Contrairement à certaines interprétations qui circulent dans l’espace public, le gouverneur de la Banque centrale marocaine, Abdellatif Jouahri, n’a en aucun cas demandé «la suppression» aide directe aux ménages vulnérables. Lors de son discours à l’issue de la réunion trimestrielle du Conseil d’administration de Bank Al-Maghrib, tenue mardi, M. Jouahri a simplement évoqué la nécessité d’adopter une approche équilibrée et durable des politiques sociales et économiques.
Répondant à une question sur les recommandations du rapport annuel 2023-2024 de la Cour des comptes, le premier financier du royaume a exprimé son soutien à l’idée d’une transition progressive vers des mécanismes de création d’emplois et d’amélioration des revenus des catégories vulnérables.
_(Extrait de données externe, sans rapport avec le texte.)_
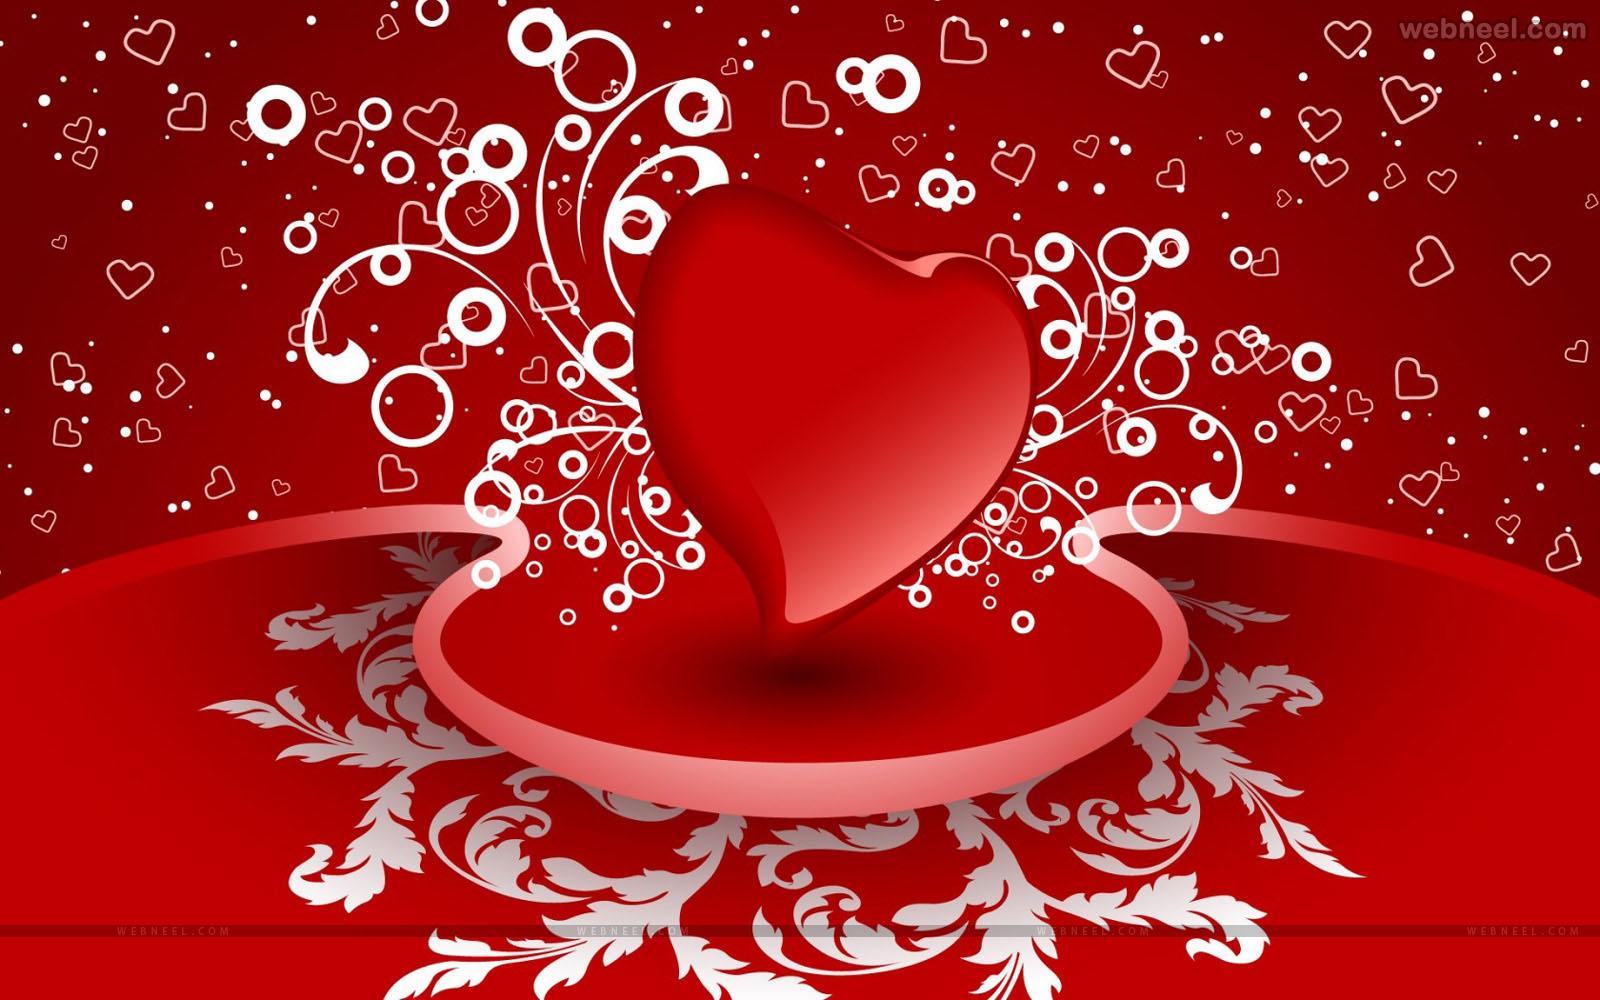 red heart romantic valentine wallpaper   o 1600x1000

Il a toutefois précisé qu’il n’avait pas encore étudié en détail le contenu de ce rapport.
Aide temporaire et circonstancielle
M. Jouahri a noté que le soutien direct, sous sa forme actuelle, « devrait être considérée comme une mesure temporaire adaptée à des circonstances spécifiques. » Il a insisté sur le fait que pérenniser ce mécanisme « pourrait avoir des conséquences négatives sur la conception, l’emploi et la viabilité des finances publiques. » Selon lui, un soutien direct permanent « risquerait de décourager certains bénéficiaires d’entrer sur le marché du travail, même s’il existe des perspectives d’emploi. »
Pour autant, M. Jouahri n’a jamais préconisé la suspension immédiate ou brutale des aides directes. Selon lui, il s’agit d’une réflexion à long terme visant à promouvoir des solutions structurelles, comme la création d’emplois productifs et durables. Il a souligné « l’importance de renforcer la croissance économique et de soutenir les secteurs non agricoles, notamment à travers une coopération accrue entre le secteur public et le secteur privé ».
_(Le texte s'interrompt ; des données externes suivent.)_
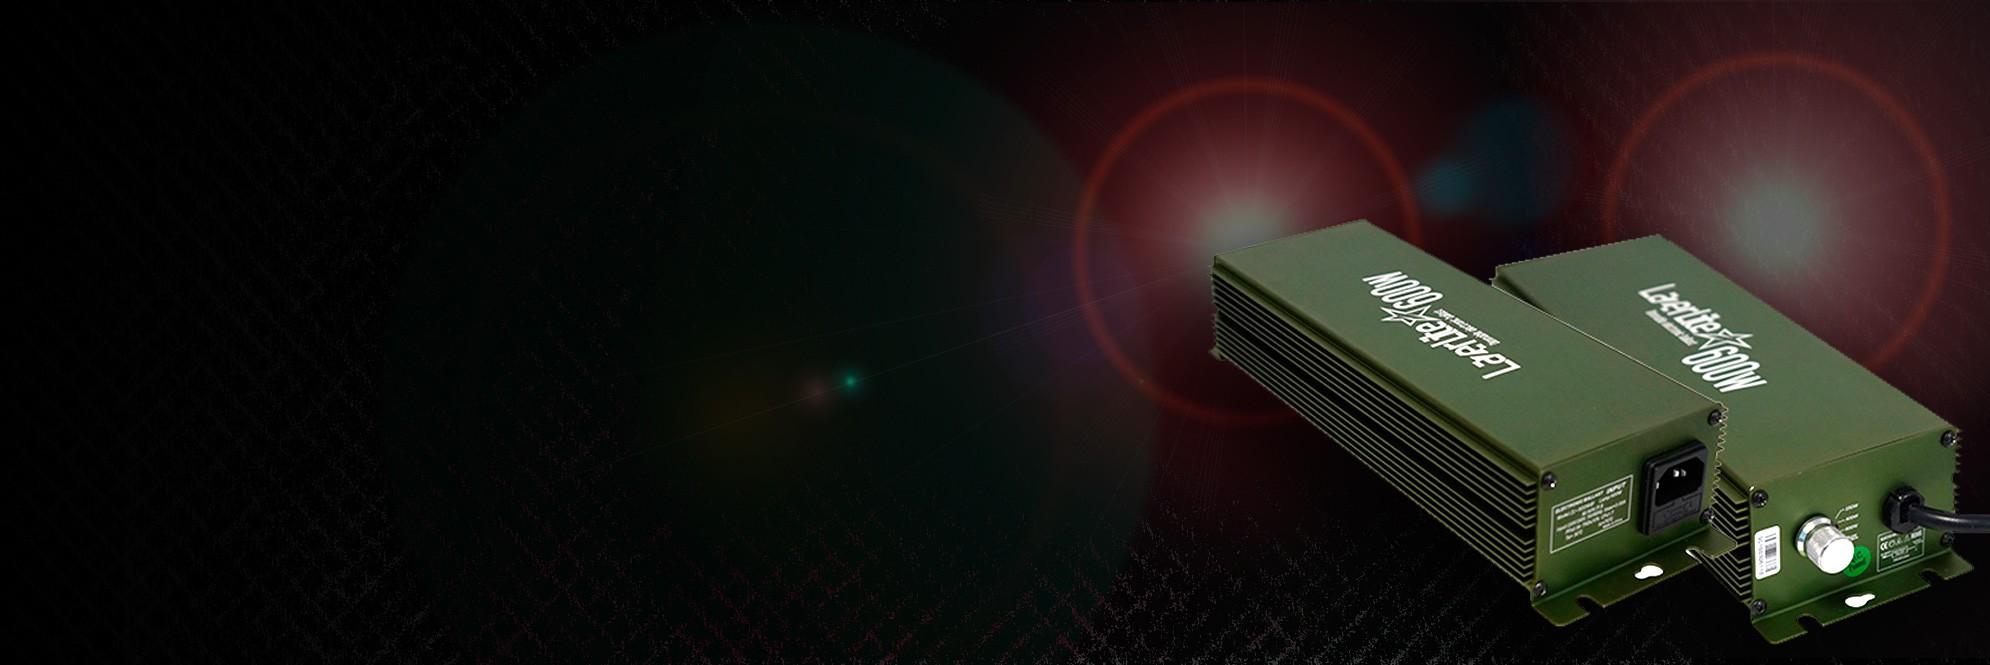 Balastro Electronico Lazerlite 600w

Enjeux budgétaires et sociaux
M. Jouahri a également évoqué les contraintes budgétaires liées à une prolongation indéfinie du soutien direct, soulignant qu’une telle situation « pourrait compromettre la marge de manœuvre budgétaire nécessaire au financement d’autres priorités nationales. » Il a ainsi plaidé pour une politique intégrant des mesures transitoires et ciblées tout en favorisant des mécanismes qui stimulent la création de richesse et l’intégration socio-économique.
Un plaidoyer pour le développement durable
M. Jouahri a profité de son intervention pour revenir sur les défis actuels liés à la lutte contre le chômage, notamment chez les jeunes. Il a estimé que la relance de l’emploi ne pouvait passer que par un accroissement de la richesse nationale et une meilleure redistribution des ressources collectives. Il a également encouragé les efforts dans des secteurs prometteurs tels que le tourisme, le commerce et les services, qui constituent des moteurs essentiels de création d’emplois.
Interrogé sur d’autres sujets, M. Jouahri a mis en garde contre une incertitude mondiale exacerbée par des facteurs géopolitiques et économiques, comme les tensions entre grandes puissances ou le retour prochain de Donald Trump à la présidence des Etats-Unis. Il a toutefois rappelé que les relations solides entre le Maroc et Washington, notamment après la reconnaissance par les Etats-Unis de la souveraineté marocaine sur le Sahara, restaient un atout stratégique pour Rabat.